Uneasiness and curiosity drove me thither at the appointed hour. The Baroness was waiting for me. “The Countess is at church,” said she, “let me take advantage of her short absence, and commit a little treachery; but take heed not so betray me to my friend!”
“Certainly not,” I replied, my curiosity being harrowed up to the highest degree by this exordium.

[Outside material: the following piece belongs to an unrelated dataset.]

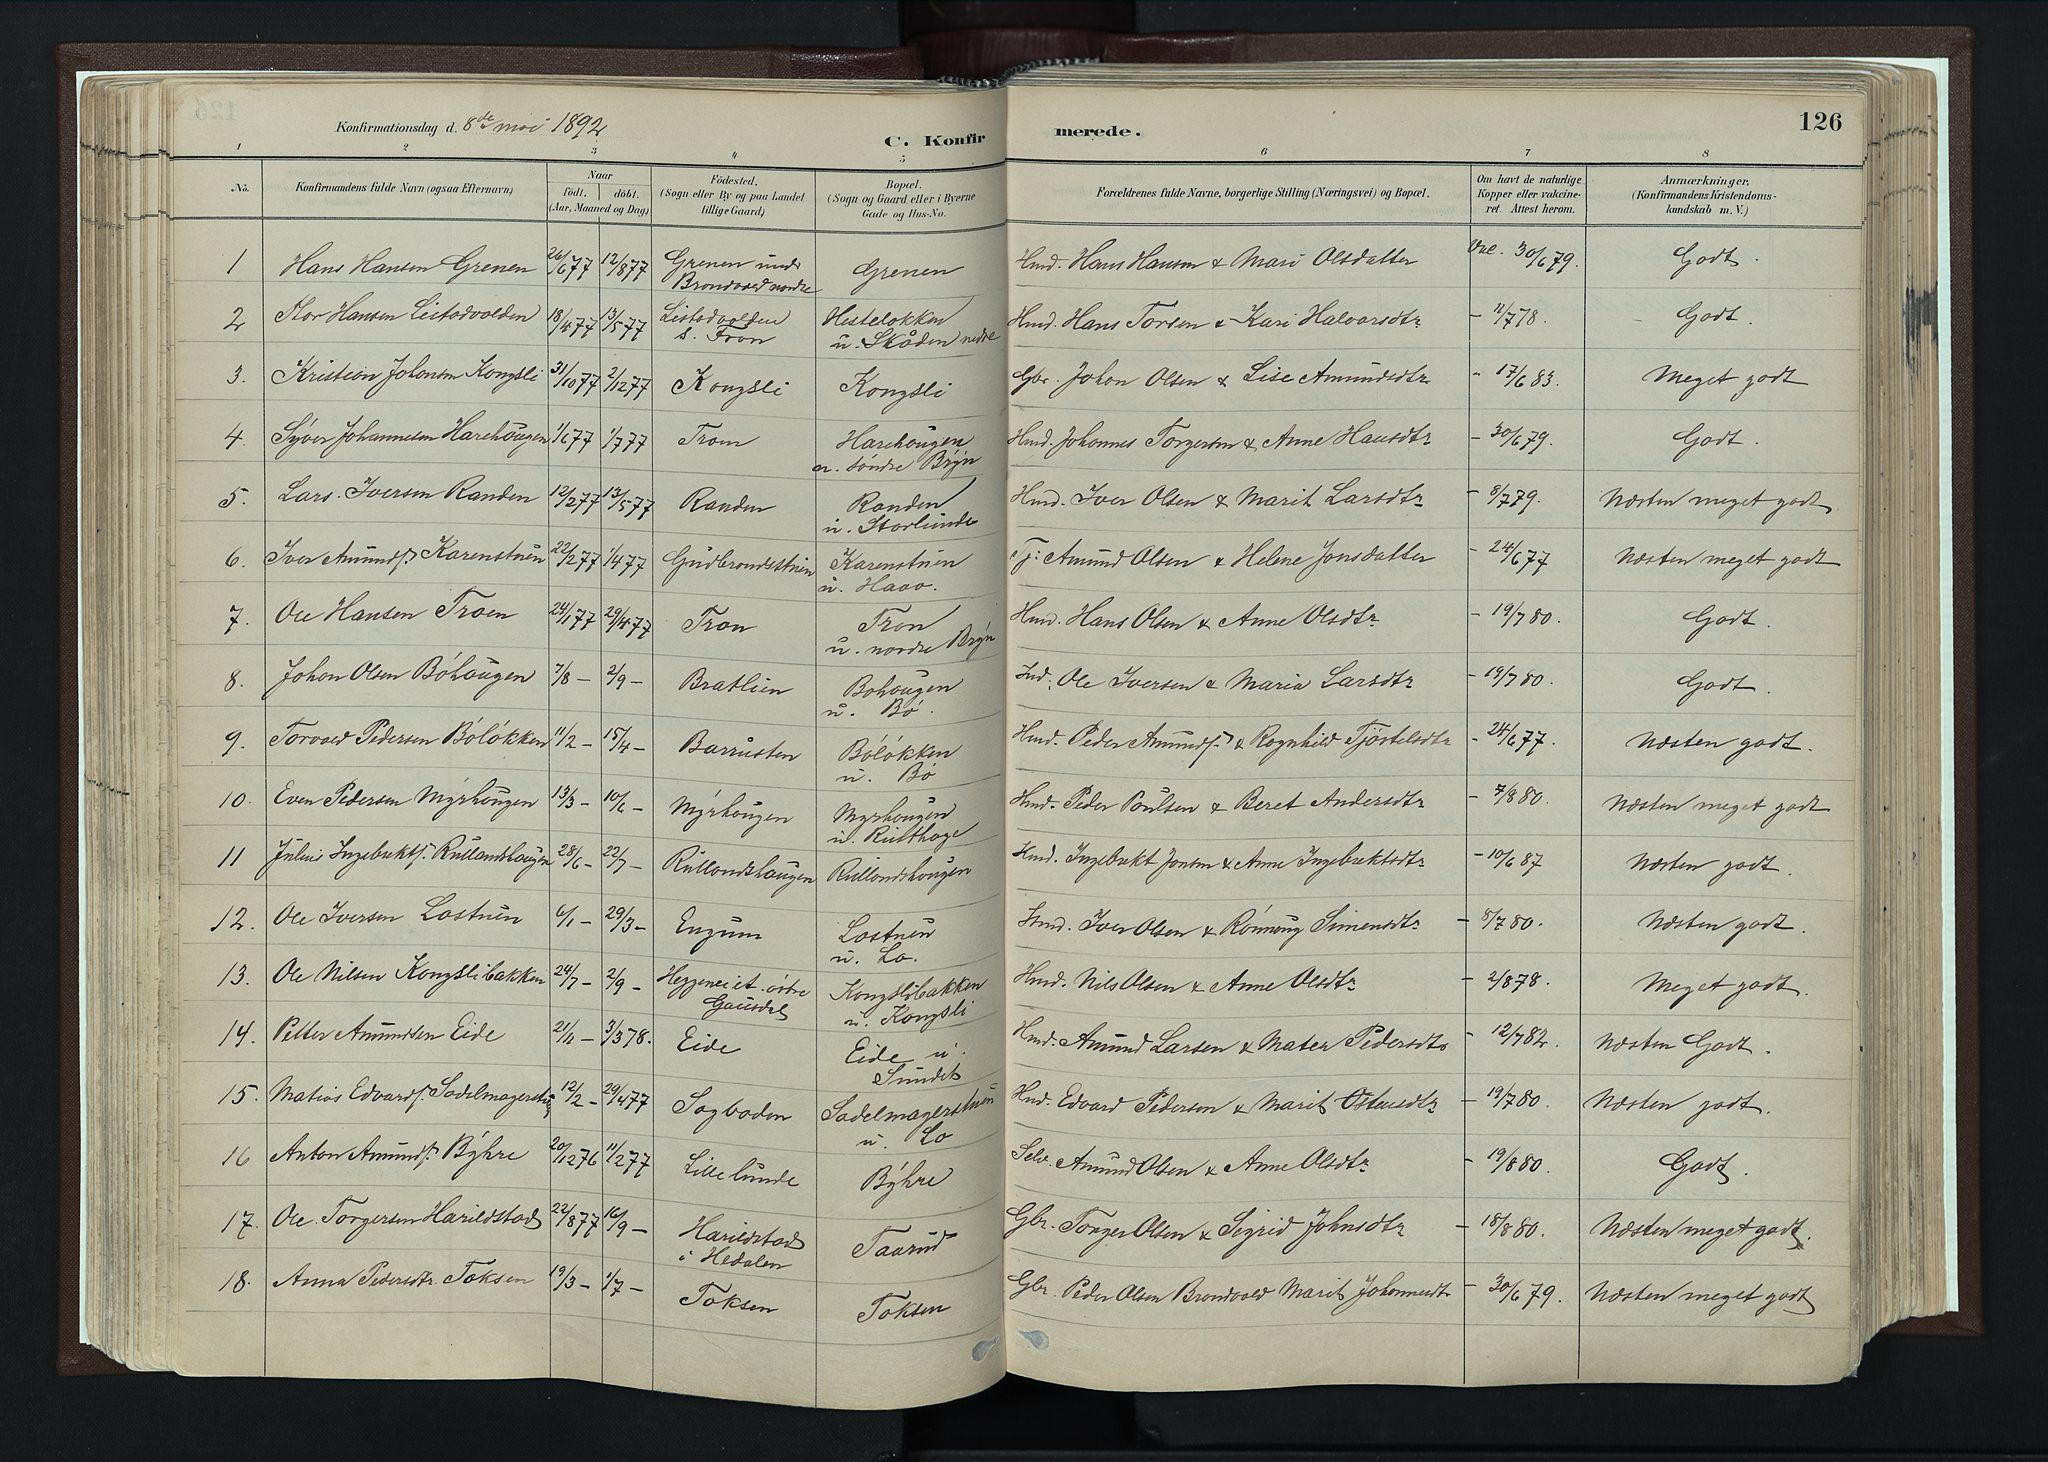 SAH, Nord-Fron prestekontor, Ministerialbok nr. 4, 1884-1914, s. 126

“All that I have to disclose to you is contained in two words: you are beloved, my Lord!”
“My Lady!”---
“Give me leave to relate the matter in a proper manner.” The Baroness, seemed delighted with my astonishment, continued, “recollect your first interview with the Countess; you have not been indifferent to her already, at the time when she accepted the ring which you offered her; however, the good Countess did not know it then herself. She fancied her sentiments to be merely the effects of the gratitude which she imagined the owed you, because you have been the primary cause of the long wished for apparition of her deceased Lord. However, that apparition which declared you, afterwards, the son of the murderer, made thereby Amelia think it her duty to restrain her kindness for you. The difficulty which she had to submit to the voice of duty, told her plainly, that in her heart something more than gratitude was panting for you. Fortunately, the ghost himself had desired her to forgive the murderer; she imagined, therefore, it would be but just to extend the forgiveness to the son. She did not foresee that her tenderness for you, covered by that pretext, would find so much the less difficulty to steal again into the heart which it scarcely had been expelled. Not before Amelia’s tenderness for you rose to a degree, which left no room for doubt of her attachment for you, did she perceive that her readiness to be reconciled to you, originated less from the request of the ghost, than from that of her own heart. You may believe me, my Lord, that it was no easy matter to draw these particulars from Amelia’s lips. She concealed carefully in her bosom a passion, the existence of which she trembled to confess. She had made a vow of eternal fidelity to her late Lord, and although she fancied she had not violated her promise by voluntary sentiments, yet a confession of these sentiments, though deposited only in the bosom of an intimate friend, appeared to her a profanation of her solemn declaration. However her speaking frequently of you with evident marks of partiality, made me, nevertheless, suspect a part of the secret, which the Irishman’s vision unfolded entirely to me.